MATERIAL TO PROCESS ::

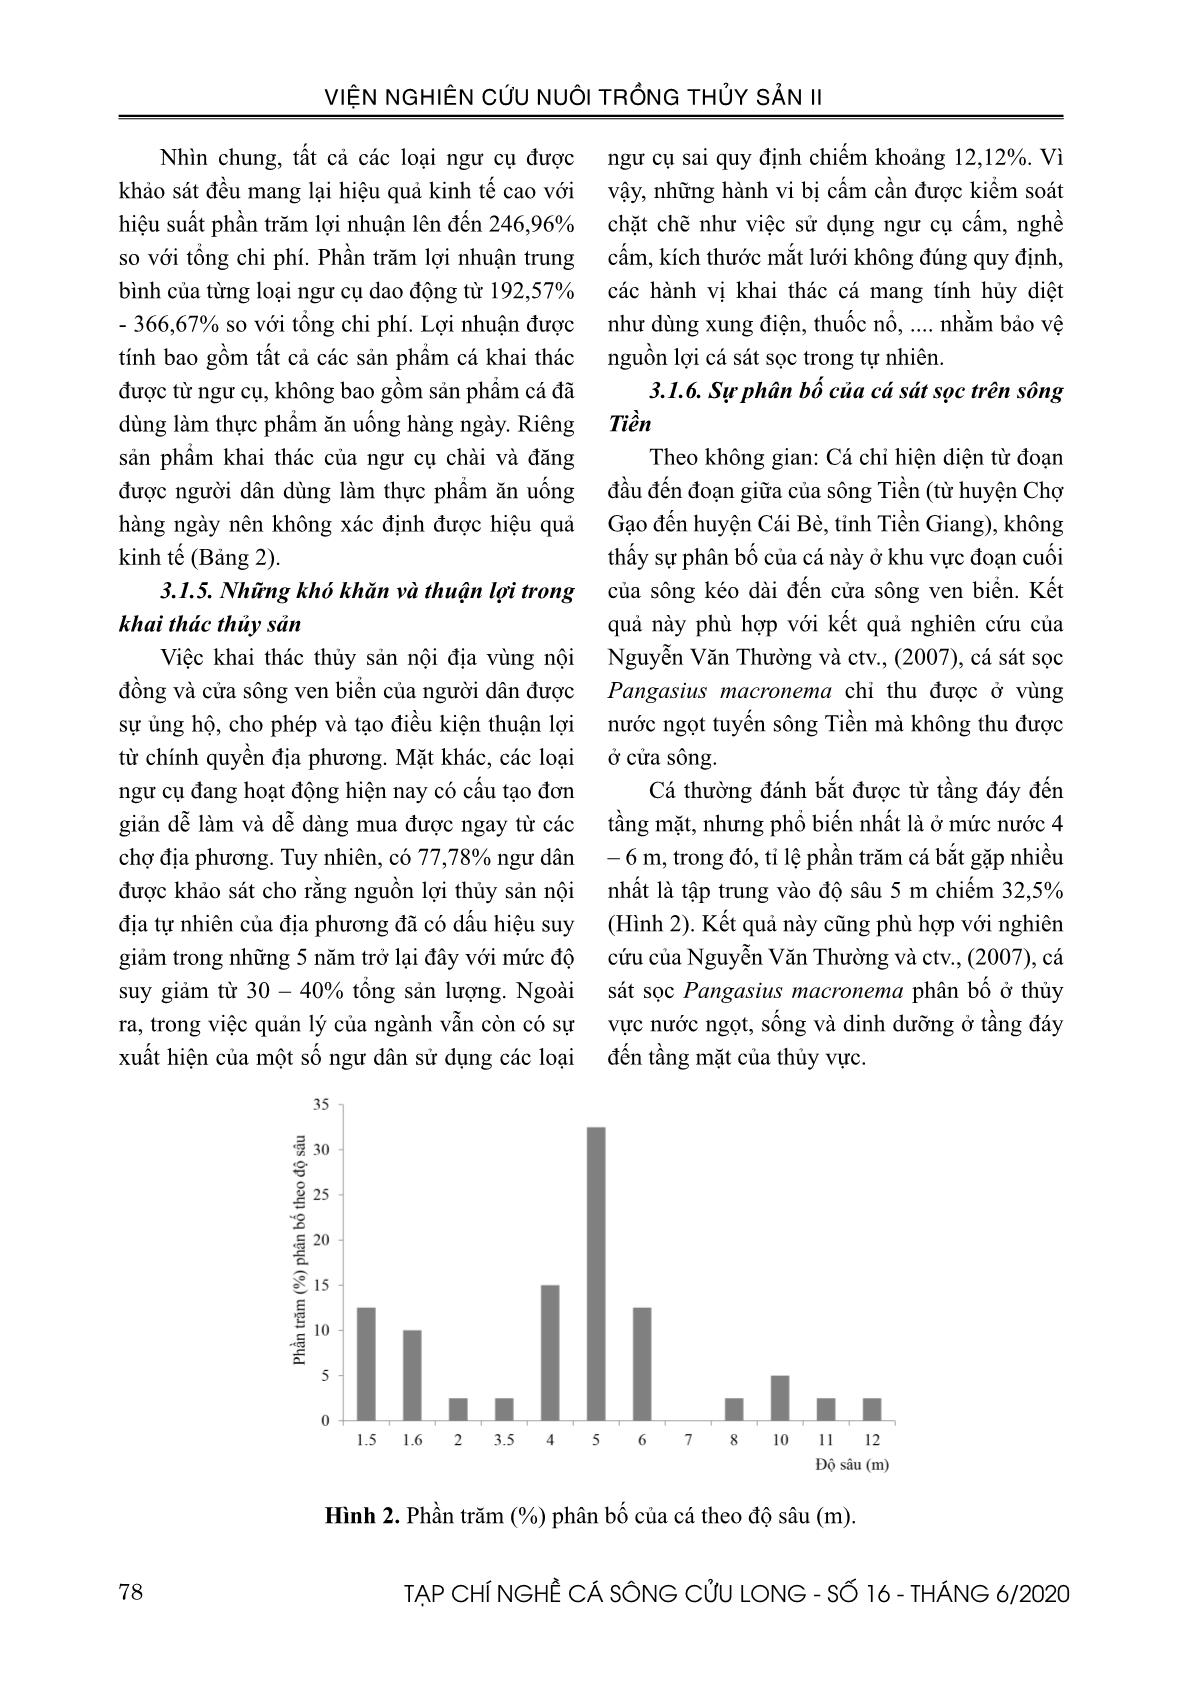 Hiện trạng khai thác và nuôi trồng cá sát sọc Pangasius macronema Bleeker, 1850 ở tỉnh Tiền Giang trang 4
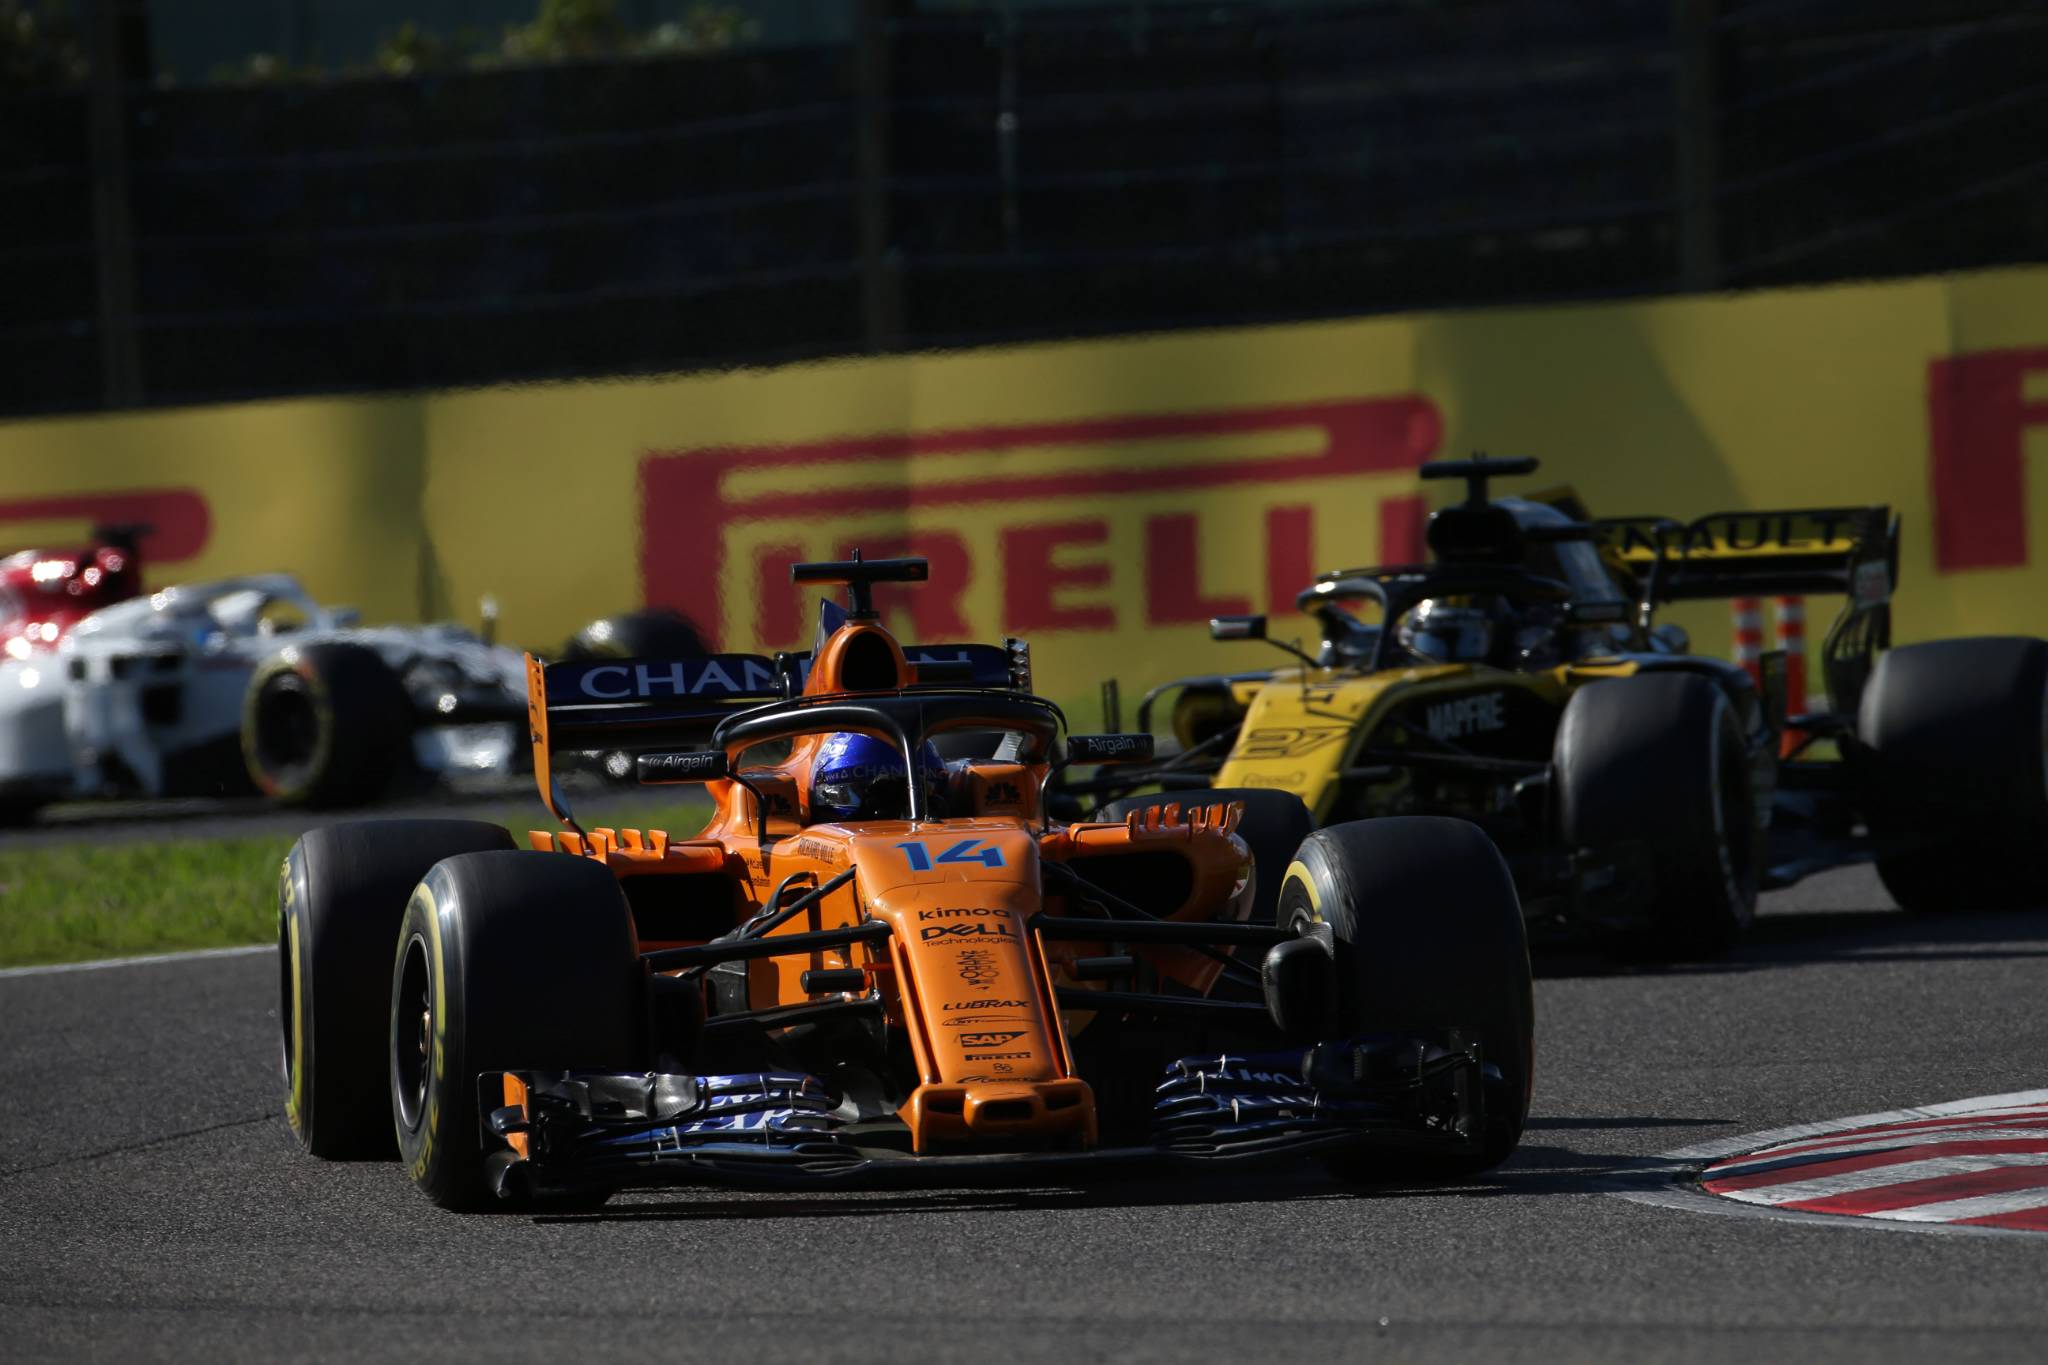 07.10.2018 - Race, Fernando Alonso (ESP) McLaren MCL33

==

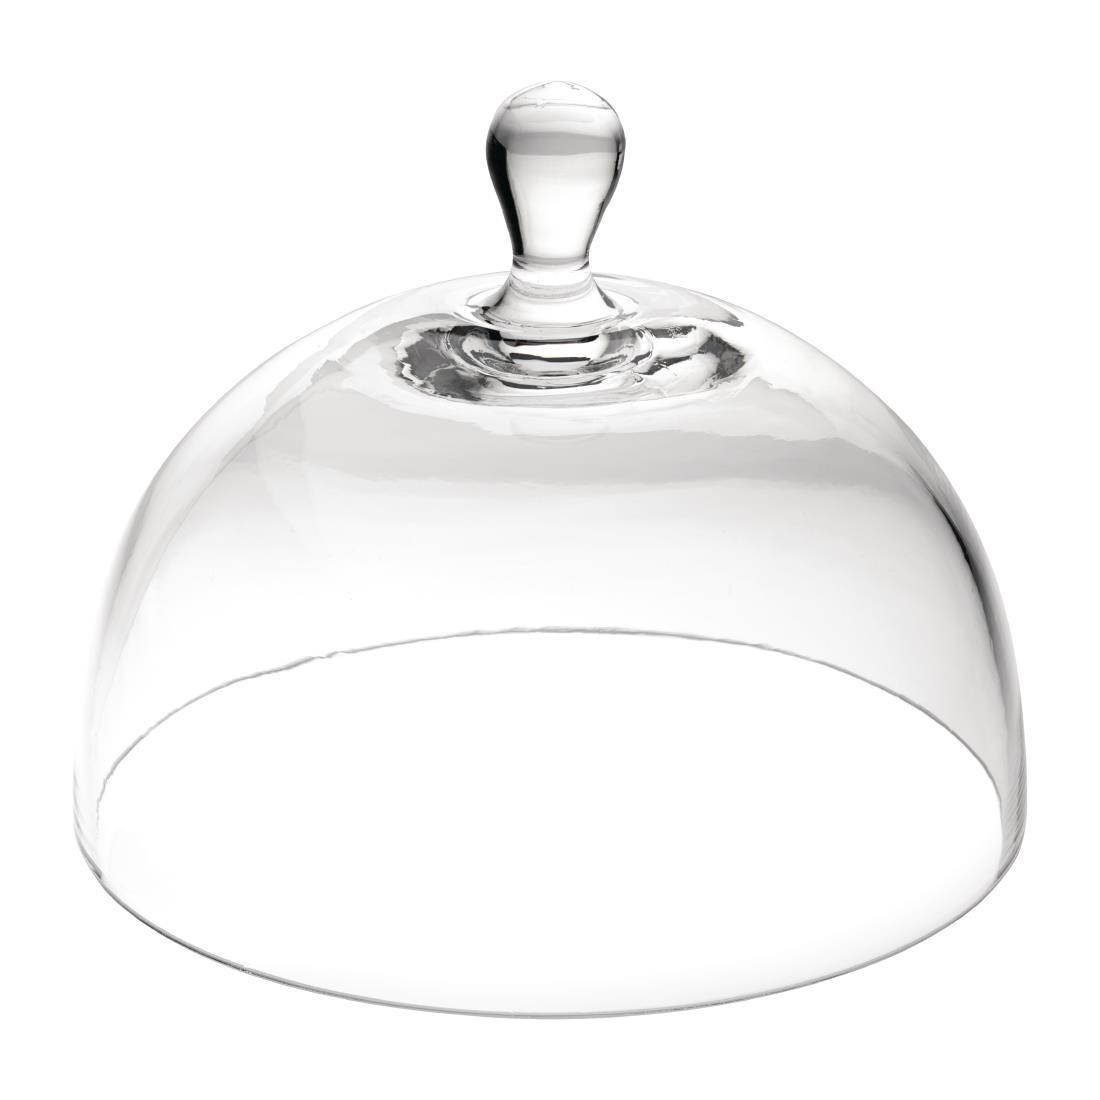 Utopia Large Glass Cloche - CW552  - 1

==

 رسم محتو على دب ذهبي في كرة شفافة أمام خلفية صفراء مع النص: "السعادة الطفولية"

WHAT IS REQUIRED :: For the material above, give again only the lines starting at the line that contains "Hiện trạng khai" and ending at the line that contains "07.10.2018 - Race, Fernando". Pictures do not belong in the copy.

EXERCISE ANSWER ::
 Hiện trạng khai thác và nuôi trồng cá sát sọc Pangasius macronema Bleeker, 1850 ở tỉnh Tiền Giang trang 4
 07.10.2018 - Race, Fernando Alonso (ESP) McLaren MCL33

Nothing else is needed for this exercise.